12 Colo. 282 | Colo. | 1888

Per Curiam.

In regard to the authentication of bills of exceptions, some difference exists in the position taken by various courts of last resort; but, in our judgment, the view that such bills must be signed and sealed by the judge whose rulings are excepted to, not only rests upon the better reason, but is also sanctioned both by statute and by the weight of authority. Morse v. Evans, 6 How. Pr. 445; Law v. Lansing, 8 Cow. 746; Railroad Co. v. Marseilles, 107 Ill. 313; People v. Lee, 14 Cal. 510; Davis v. President, etc. 20 Wis. 194.

The wisdom and propriety of this rule are so obvious as scarcely to justify mention. The sole purpose of requiring judicial authentication of such bills is to preserve a correct transcript of matters dehors the record proper for use in the court of review. The presiding judge is familiar with these matters, and in most instances he is *284the only person competent to determine impartially the accuracy of the bill. If it should happen that two different judges presided during the progress of the trial, there should be .two bills of exceptions; each judge signing and sealing the one that embodies objections to the particular rulings made by himself. Railroad Co. v. Marseilles, supra.

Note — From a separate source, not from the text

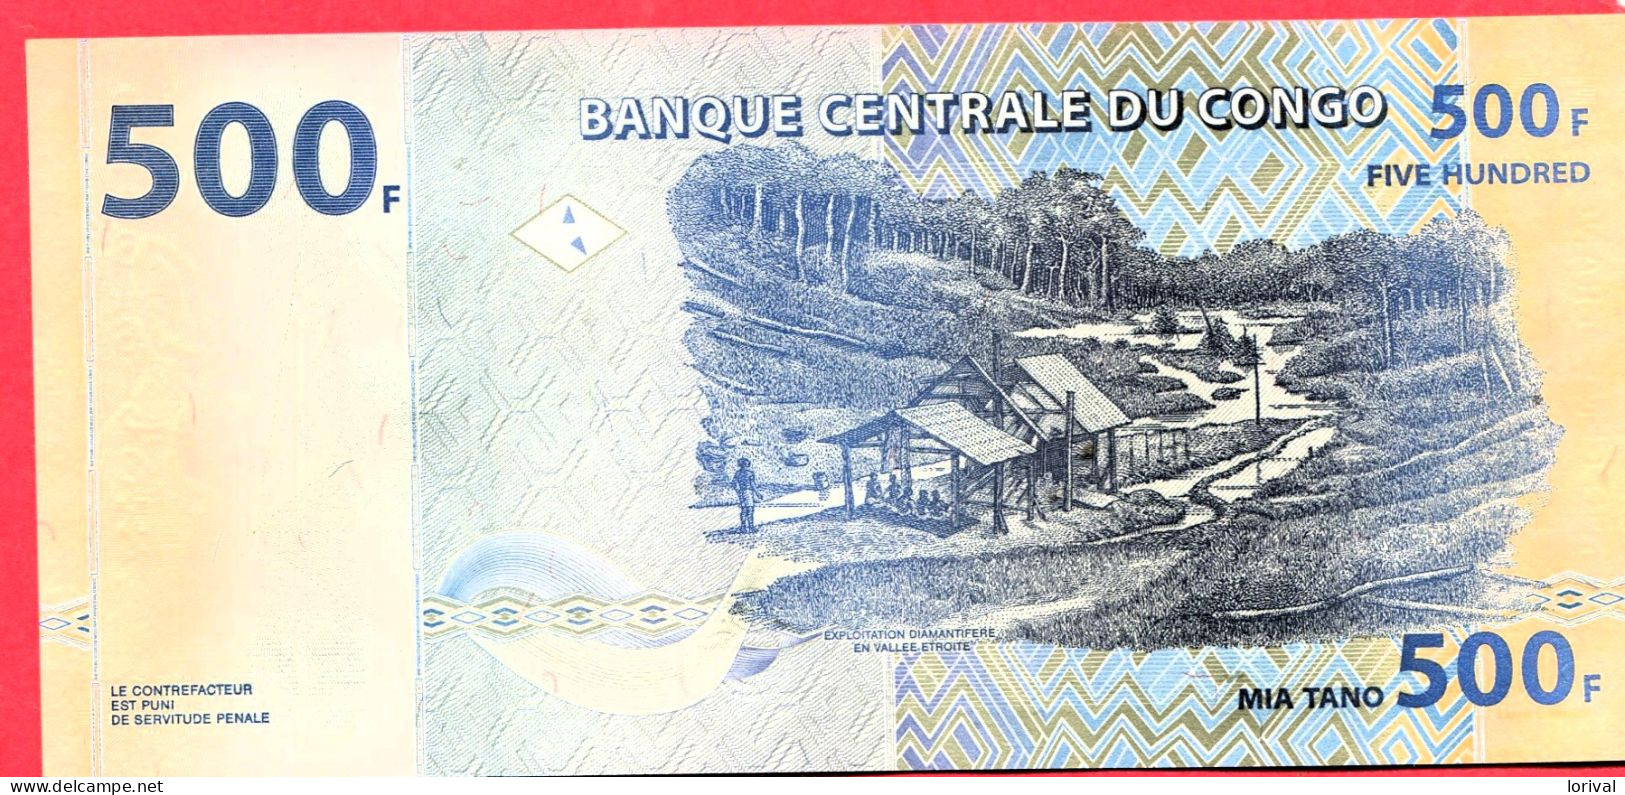 500 Francs Neuf 3 Euros - Republic Of Congo (Congo-Brazzaville)

The settled practice in this state, when the party tenders his bill of exceptions within the time fixed by statute or order, and the same be not at once authenticated, is for the judge to mark thereon the fact and date of such tender; and, even though the bill be not actually signed or sealed until subsequent to the expiration of the period fixed, this tender and indorsement is deemed sufficient to protect his rights. The reason for this ruling is that, when the party has prepared his bill and tendered it to the judge within the time allotted, he has performed his duty, and the failure of the judge to sign and seal within such time would arise from no fault on his part.

But when the presiding judge is absent from the state the tender to him cannot conveniently be made. Yet the party, being in no way responsible for this absence of the judicial officer, should not be prejudiced thereby. If, in such case, the bill be deposited within the time fixed with the clerk of the court wherein the cause was tried, such act, together with the indorsement thereon by the clerk of the fact and date thereof, would, as we are at present advised, be held sufficient to protect whatever rights the litigant would otherwise have in the premises. People v. Lee, supra.

In the case at bar the bill was neither tendered to the judge nor deposited with the clerk within the allotted period, and therefore is not properly a part of the record. The motion to strike out is accordingly sustained.

Motion sustained.

Mr. Justice Elliott, having presided below, did not participate in this decision.